While it is dimmer it has not lost all its luminocity.

2007-06-21 23:26:47 · answer #4 · answered by cscokid77 3 · 2 1

In 1987 a blue giant exploded in the large Magellanic cloud 170,000 light years away.
The star was known to astronomers as a blue giant [sanduliac] [1987A]
If you had looked at this star in 1986 you would never have known that it blew up 170,000 years ago.

2007-06-22 00:24:15 · answer #5 · answered by Billy Butthead 7 · 0 0

Some stars simply loose their luminosity. Some stars explode. Some stars turns into a black hole. It depends on their initial mass.

Our Sun for example will loose its luminosity and became a white dwarf, they expect. Stars far bigger than ours may go into super-nova (exploding star).

P.S. We actually see super-nova explosions time to time, one has observed thousands years ago, historians recorded extreme bright pulse in night skies. Otherwise we see their remnants like beautiful shiny cloud of Betelgeuse, because there are so many stars and so many of them goes to nova.
.

2007-06-21 23:55:55 · answer #6 · answered by rexxyellocat 5 · 0 0

A supernova is essentially the explosion of a star in outer space. During a supernova occurrence, a star’s luminosity is increased by as much 20 times as the bulk of the star’s mass is blown away at an extremely high velocity. Supernova remnants, including the signature bright light they leave behind, can often be seen in the night sky by the naked eye for several weeks as it gradually diminishes.

There are several different kinds of supernovae, which are believed to be caused by two distinct sources. One possible cause for Supernova occurrences results from a star halting its generation of fusion energy from fusing the nuclei of atoms in its core, causing it to collapse under the force of its own gravity.
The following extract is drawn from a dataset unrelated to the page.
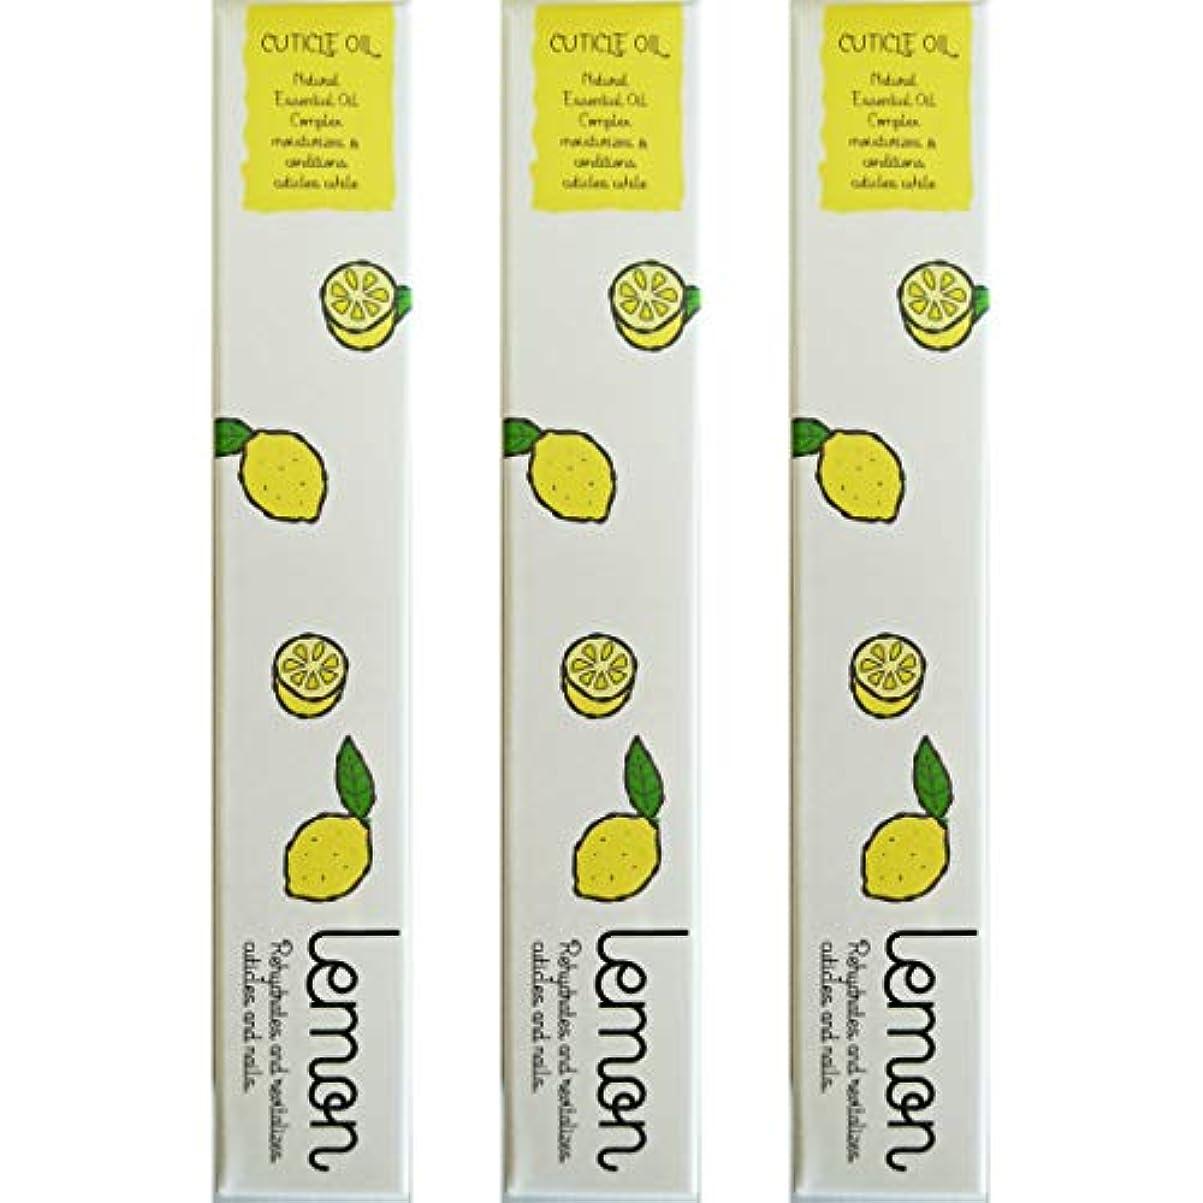 対処する補体本物のネイルオイル キューティクルオイル ペンタイプ 3本 (レモン)

Another possible source occurs when a white dwarf star accumulates material from another nearby star until it nears its Chandrasekhar limit and undergoes runaway nuclear fusion in its interior, ultimately leading to its destruction.
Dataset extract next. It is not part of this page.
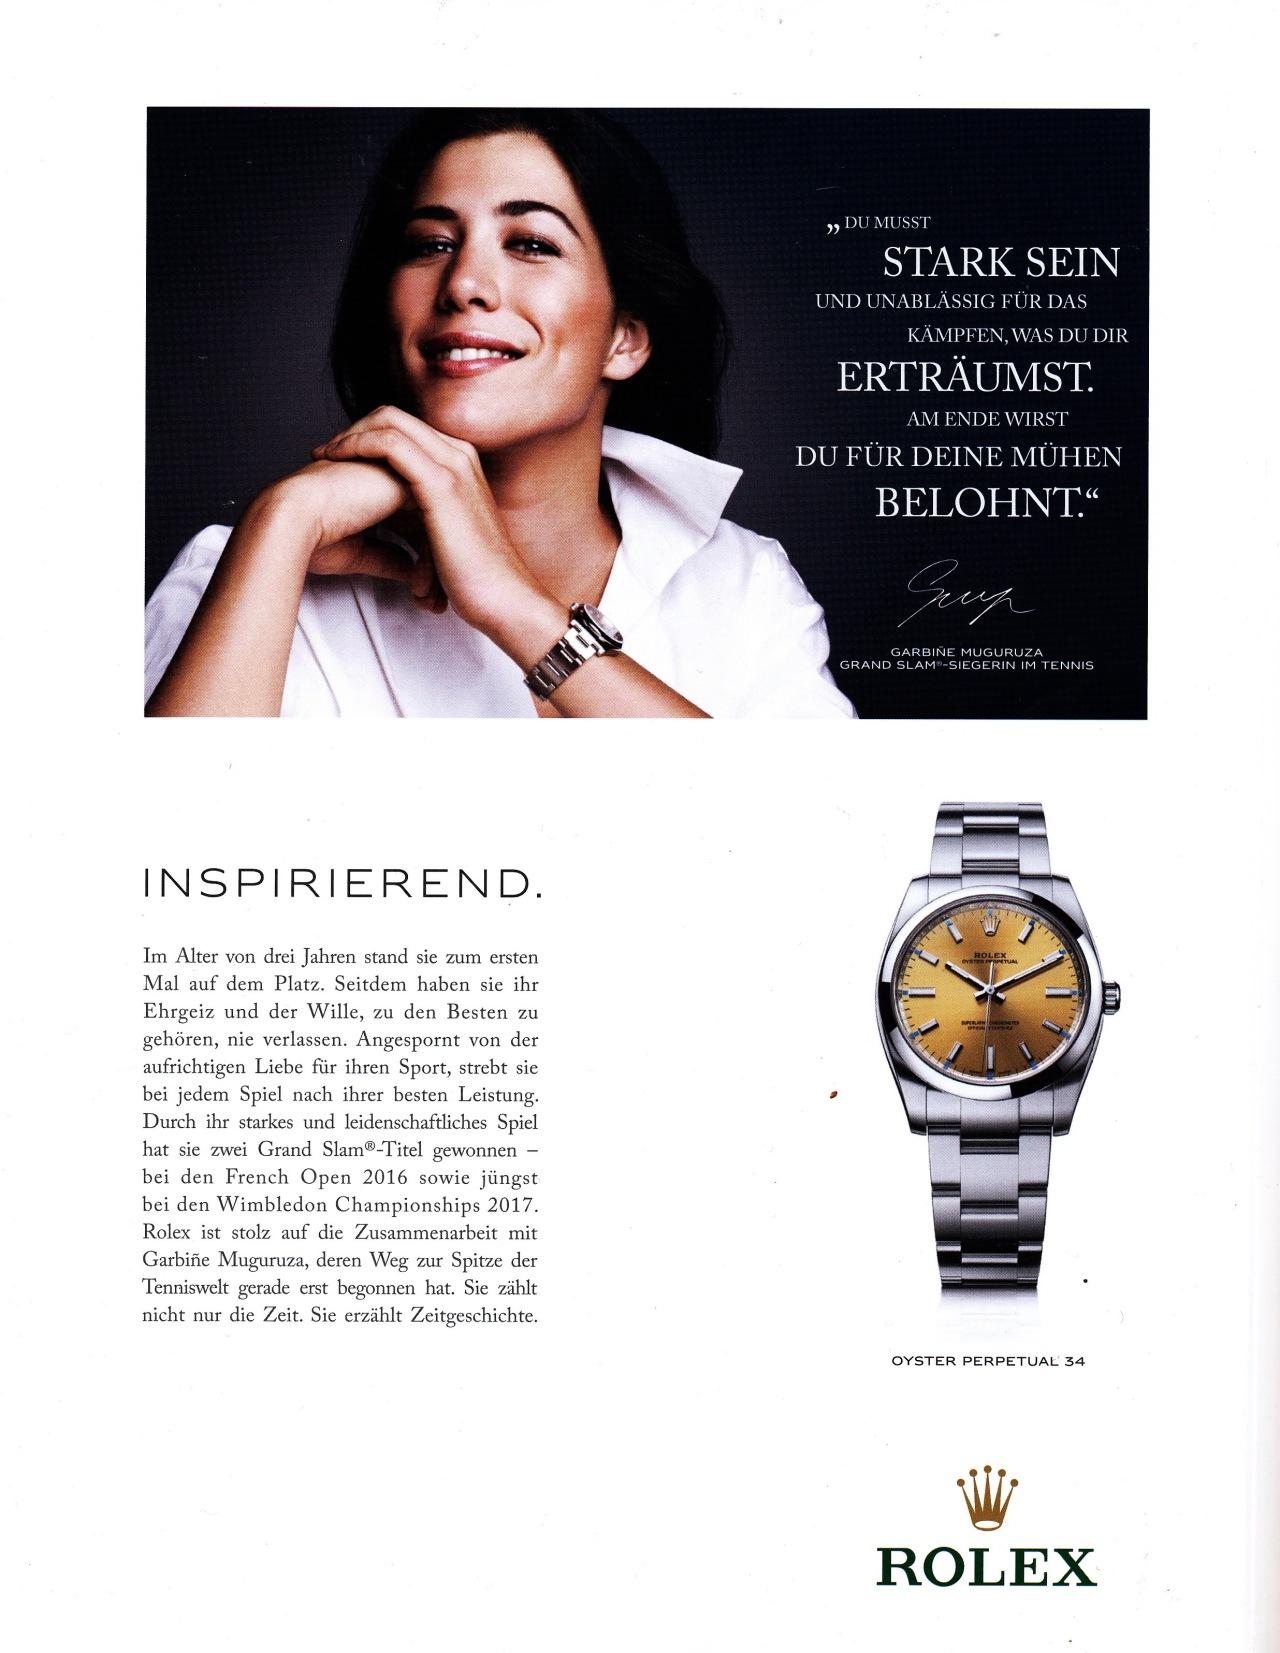 Rolex Ad Sept 2017 (1)

Supernovas are generally classified according to the lines of different chemical elements that appear in their spectra, the first of which is hydrogen. If a supernova's spectrum contains a hydrogen line, it is classified as Type II, if this line of hydrogen is not present the Supernova is Type I. Within the Type I and Type II classifications are five sub-classifications that include Type Ia, Type Ib, Type Ic, Type II-P and Type II-L, each having its own distinct chemical and physical characteristics.

hope this helps

2007-06-21 23:31:27 · answer #7 · answered by Yelsha 2 · 2 1

we could take an occasion of a megastar this is one hundred gentle years away. It takes gentle one hundred years to get from that megastar to our eyes. So if that megastar all of sudden blew up or disappeared, we does not know for one hundred years after that 2nd. Now take the occasion of a galaxy 10 billion gentle years away. The universe is 13.8 billion years previous, so as that galaxy shaped early on. So 10 billion years in the past the gentle began leaving that galaxy and we are only now considering that historic gentle. That galaxy could have been destroyed 3 billion years in the past, yet we does not see the gentle end (or see the explosion or regardless of) for yet another 3 billion years. the gentle that left that galaxy formerly the explosion or regardless of remains traveling in direction of us. to maintain the confusion down, astronomers usually communicate over with events we see on stars or galaxies in accordance with whilst we see the form right here on earth. So if a supernova explodes interior the Andromeda galaxy (2.5 million gentle years away), we date it from whilst we observed it, no longer whilst it got here approximately 2.5 billion years in the past (that ought to easily be too confusing for each man or woman).

2016-11-07 04:52:11 · answer #8 · answered by ? 4 · 0 0

They still exist as long as we remember them

2007-06-21 23:21:29 · answer #9 · answered by Anonymous · 1 3

Well we did destroy Alderaan but that was only a planet.